😎

Dockerイメージに含まれているデータを抽出する

2022/03/05に公開約2,300字

Dockerのイメージからデータを抽出したいといった場合にどのようにすれば良いか調べてみました。

基本的にDockerのコンテナが動いている場合は、コンテナからホスト側にcpコマンドで持ってくるのが早いと思います。
コンテナをすぐに動かせない場合や、コンテナに入っているデータを丸っと持ってきたいんだといった場合にこの記事が参考になればと思います。

早速下記のDockerイメージを利用してデータを抽出してみたいと思います。

https://hub.docker.com/r/yngu/demo-docker-simple-image

イメージの元となったソースリポジトリは下記になります。

https://github.com/ynug/demo-docker-simple-image/tree/1.0

まずは、下記のコマンドでイメージを取得します。
docker pull yngu/demo-docker-simple-image:1.0

イメージが取得できたら試しに下記のコマンドで実行してみましょう。
docker run --rm yngu/demo-docker-simple-image:1.0

実行すると、Hello Wrold!と表示されます。

イメージからデータを取り出すコマンドは下記になります。
tarファイルで出力されるので、拡張子はtarにすることをお勧めします。
docker save -o <出力ファイル名> <IMAGE_ID>
今回の場合だと下記のコマンドを実行します。
docker save -o hello-image-extraction.tar yngu/demo-docker-simple-image:1.0

出力されたtarファイルを展開すると各Layerのフォルダが表示されます。
各Layerフォルダ内にlayer.tarという物が存在していて、これを展開するとファイルを抽出出来ます。

この記事では、Dockerイメージの構造については割愛しますが、下記の記事などがわかりやすいかと思います。

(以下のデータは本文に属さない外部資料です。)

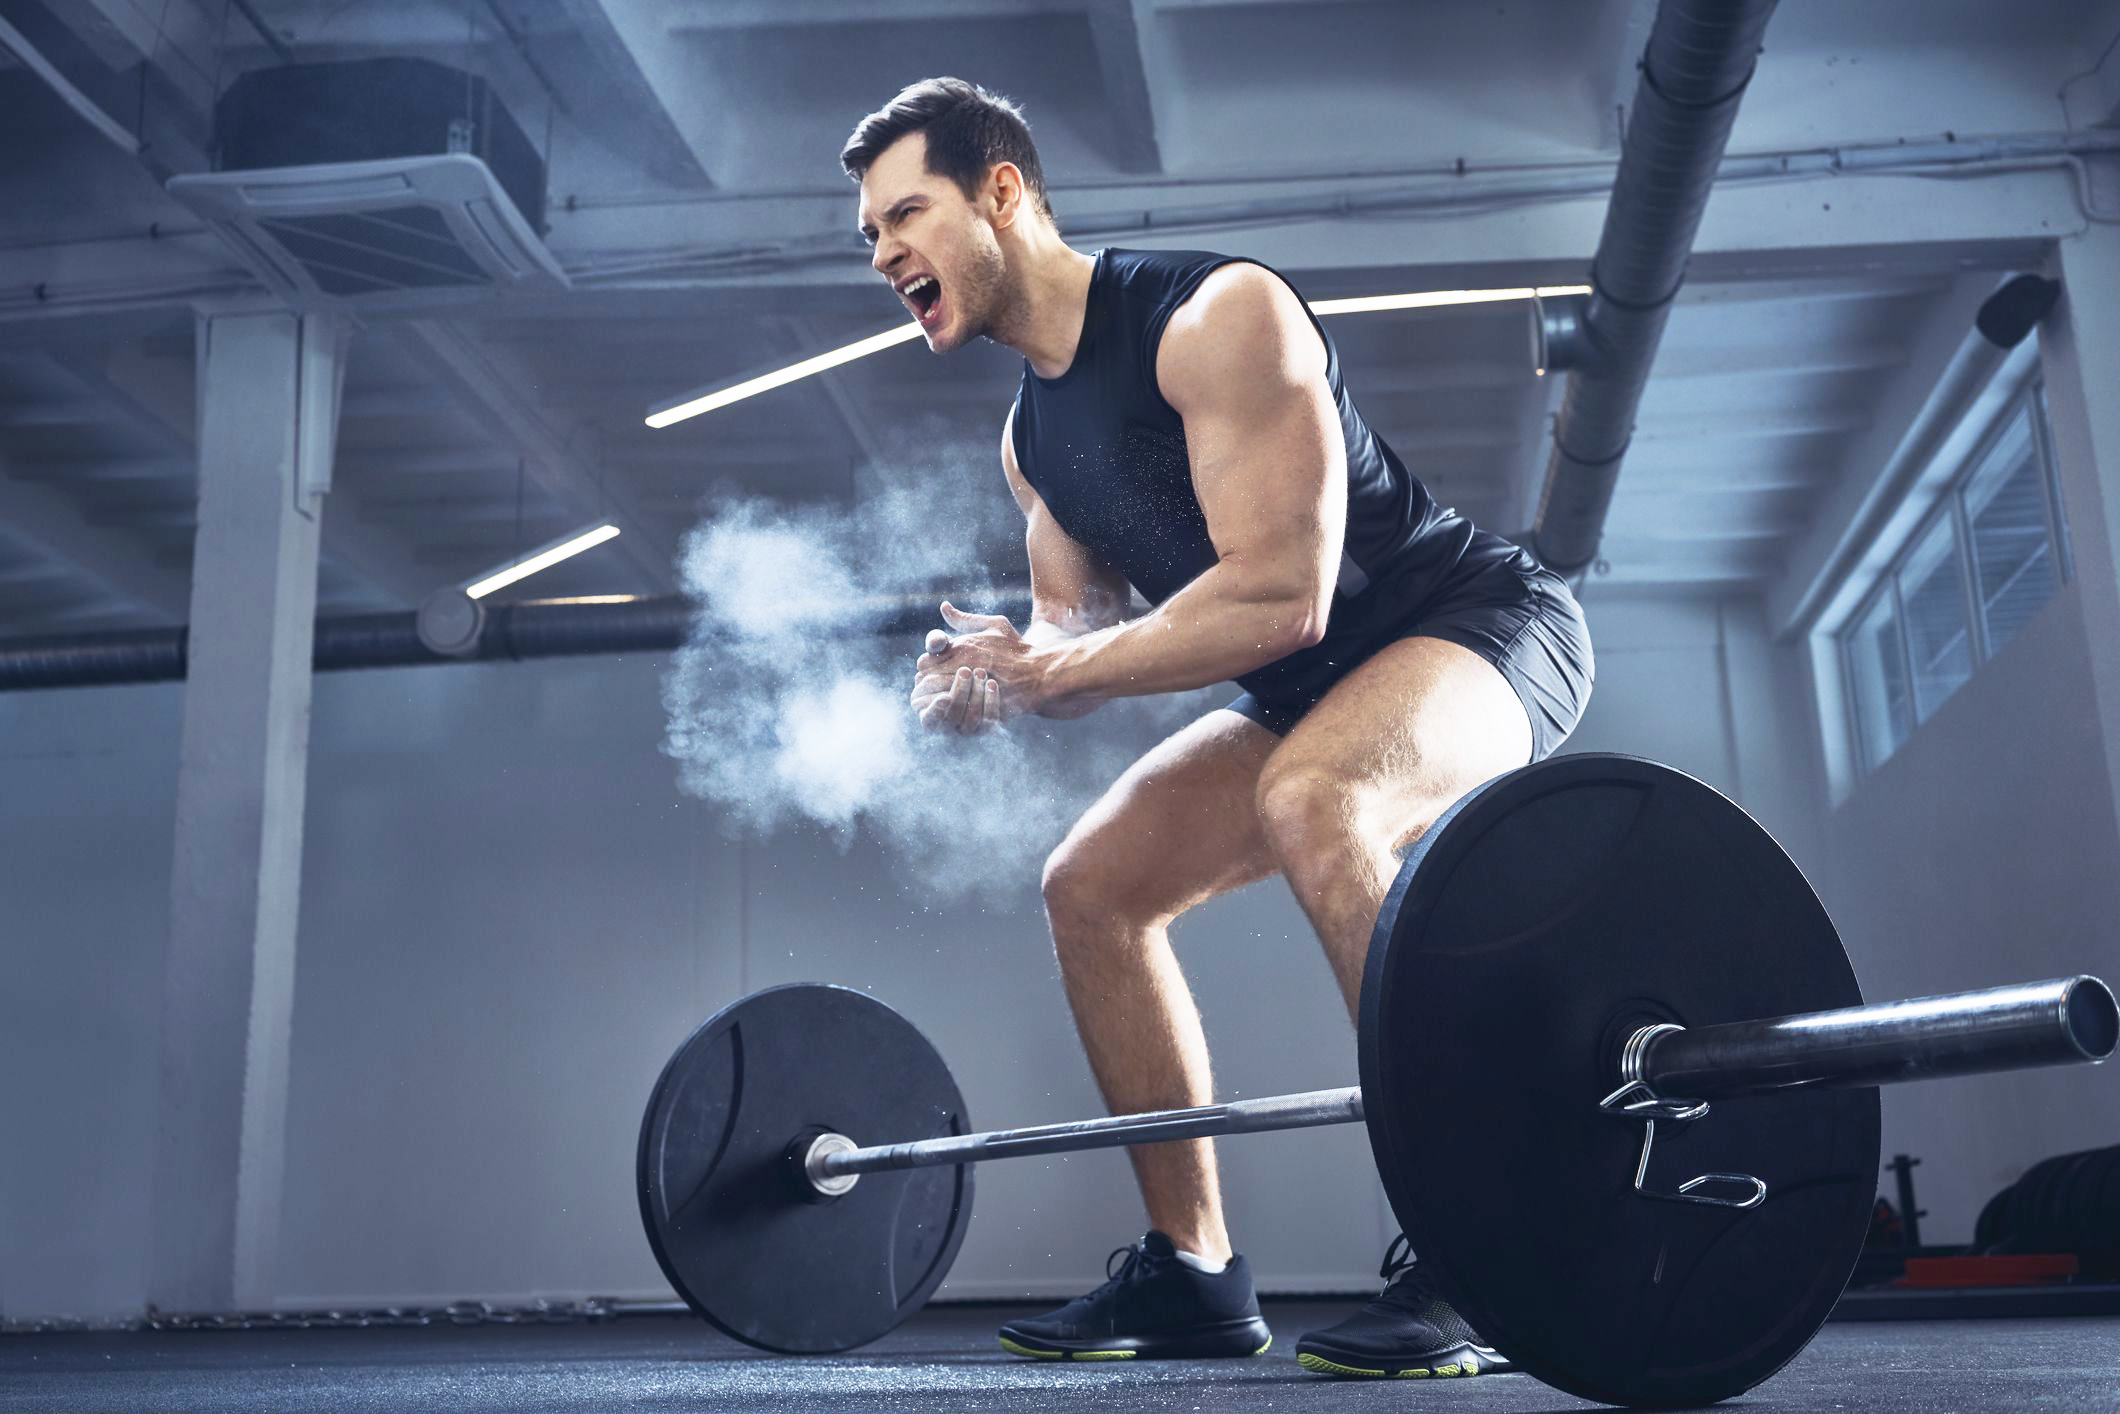 The Reason Weightlifters Use Smelling Salts Before Big Lifts

https://qiita.com/zembutsu/items/24558f9d0d254e33088f

さて、各Layerのフォルダが表示されたのは良いですが、フォルダ名からどんなことをしているか推測できません。
そこで、diveというDockerイメージの構造を確認するソフトを利用します。

https://github.com/wagoodman/dive

現状では、表示されるコマンドが長くなった場合に折り返しされず見切れてしまいます。
Add option to wrap long commands - Layer Details
コマンドだけ見たいといった場合は、下記のコマンドで一覧を確認することが出来ます。
docker history --no-trunc yngu/demo-docker-simple-image:1.0

diveを利用してイメージを確認するには、下記のコマンドを実行します。
dive <IMAGE_ID>
今回の場合だと下記のコマンドを実行します。
dive yngu/demo-docker-simple-image:1.0

そうすると下記の画像のような画面が表示されるかと思います。

  • 画面左上 Layers:
    レイヤの一覧が表示され、変更内容を確認したいレイヤに移動できる
  • 画面左中 Layer Details:
    Layersでフォーカスされているレイヤでなにを実行しているかを表示
    ここのID名が展開したLayerのフォルダ名になっている
  • 画面左下 Image Details:
    イメージ全体の情報を表示
  • 画面右 Current Layer Contents:
    Layersで指定したレイヤーに含まれているファイルツリーをサイズと共に表示

せっかくなので、ここではHello Wrold!と表示しているスクリプトを取り出してみたいと思います。
自分が作ったイメージでない場合、LayersのコマンドとCurrent Layer Contentsに表示される変更されたファイルからあたりをつけていくことになります。
今回は、Layers43 B COPY app /app # buildkit行がアプリをコピーしている感じがするので、フォーカスしてみてCurrent Layer Contentsで変更を確認してみます。
すると、app/hello.jsが追加されいることが確認できます。

ここまで来れば、Layer DetailsIDの値を記憶して展開してみます。
実際にhello.jsが取り出せたのが分かるかと思います。